** Problem requirements **
For the data below, restate word for word only the lines from the line containing "Sarajevo - Bendbasapartie" through the line containing "Stream Usher's New Album, 'Hard II Love'", both ends included.

** Data records **
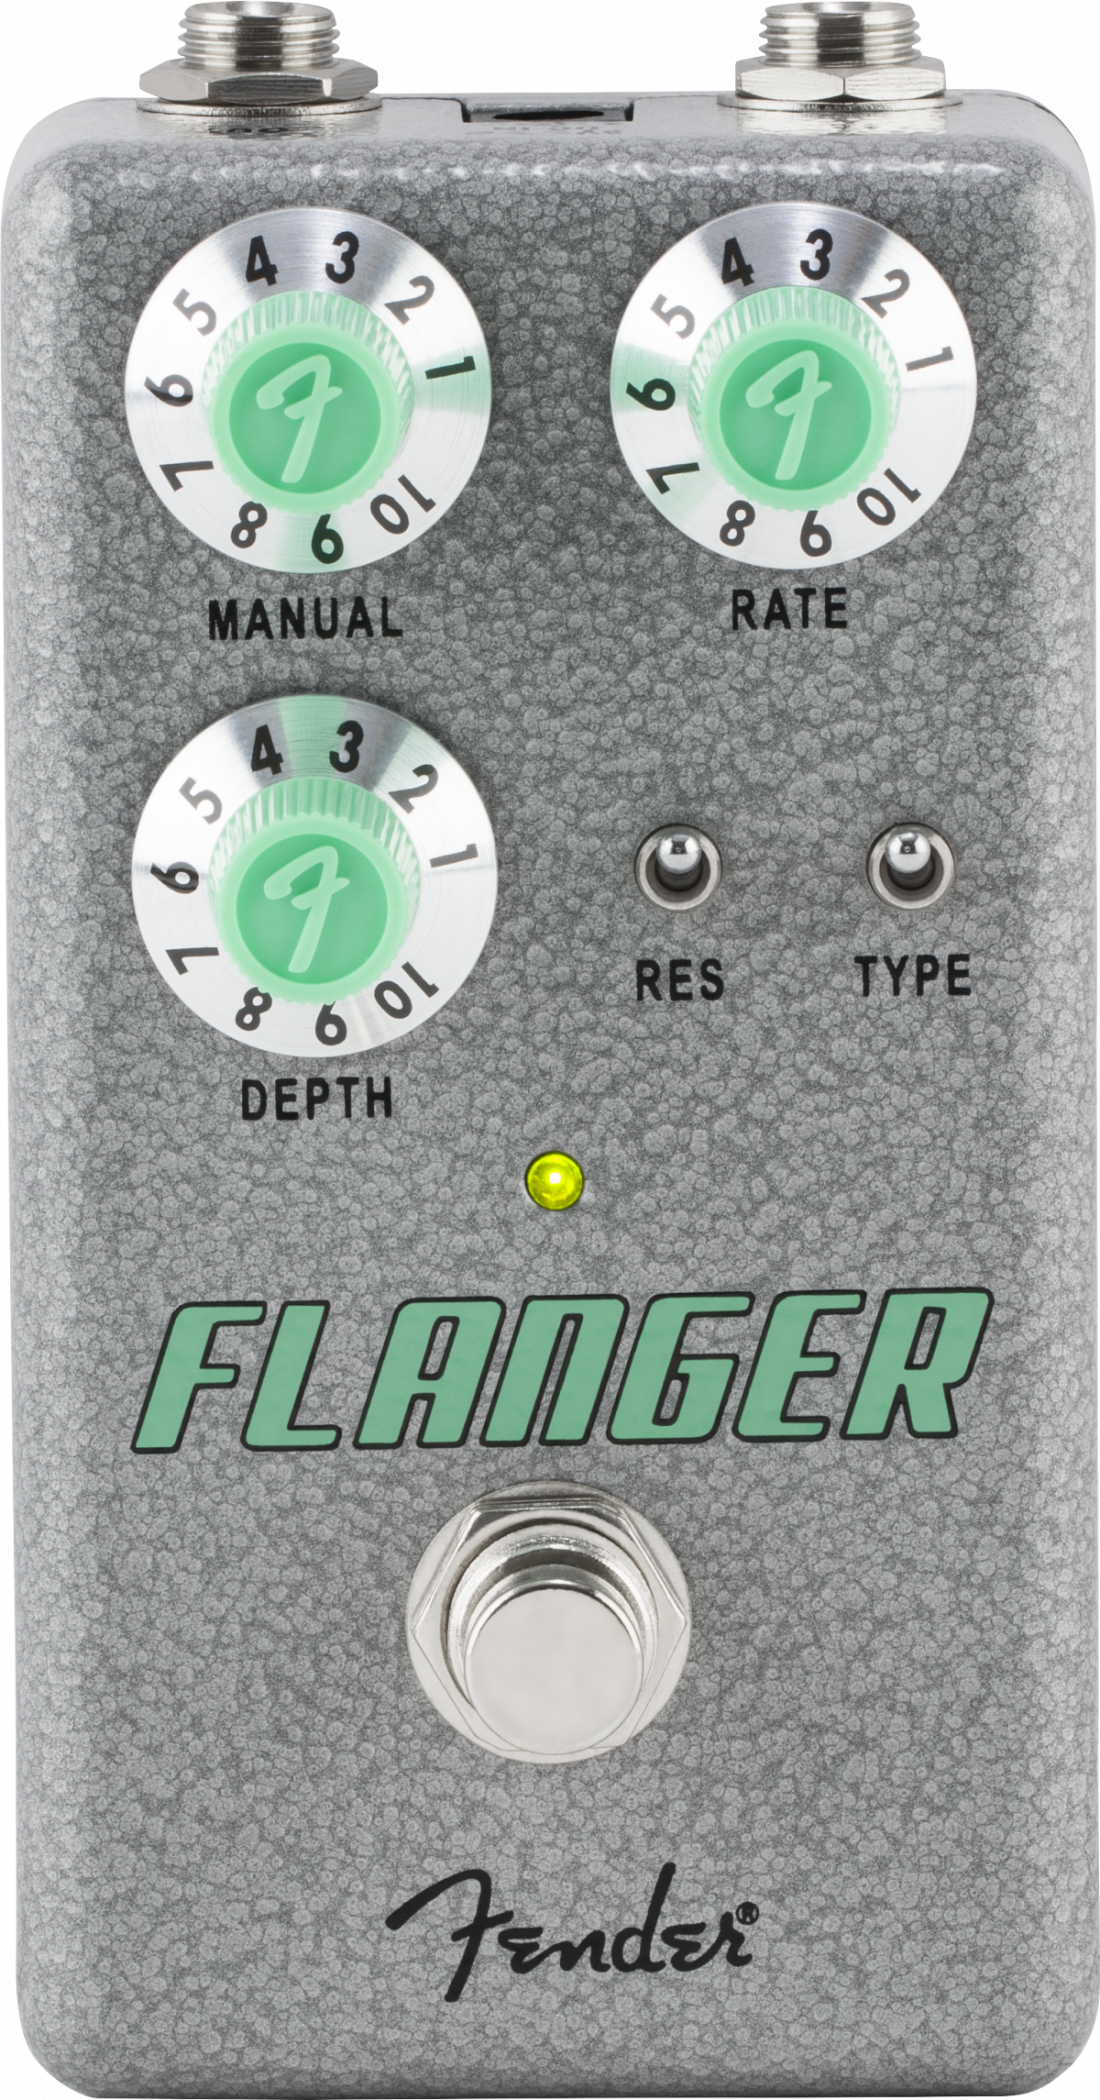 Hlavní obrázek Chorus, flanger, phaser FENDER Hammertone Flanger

---

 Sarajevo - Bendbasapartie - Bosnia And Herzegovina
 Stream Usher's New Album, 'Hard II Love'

** Exercise solution **
 Sarajevo - Bendbasapartie - Bosnia And Herzegovina
 Stream Usher's New Album, 'Hard II Love'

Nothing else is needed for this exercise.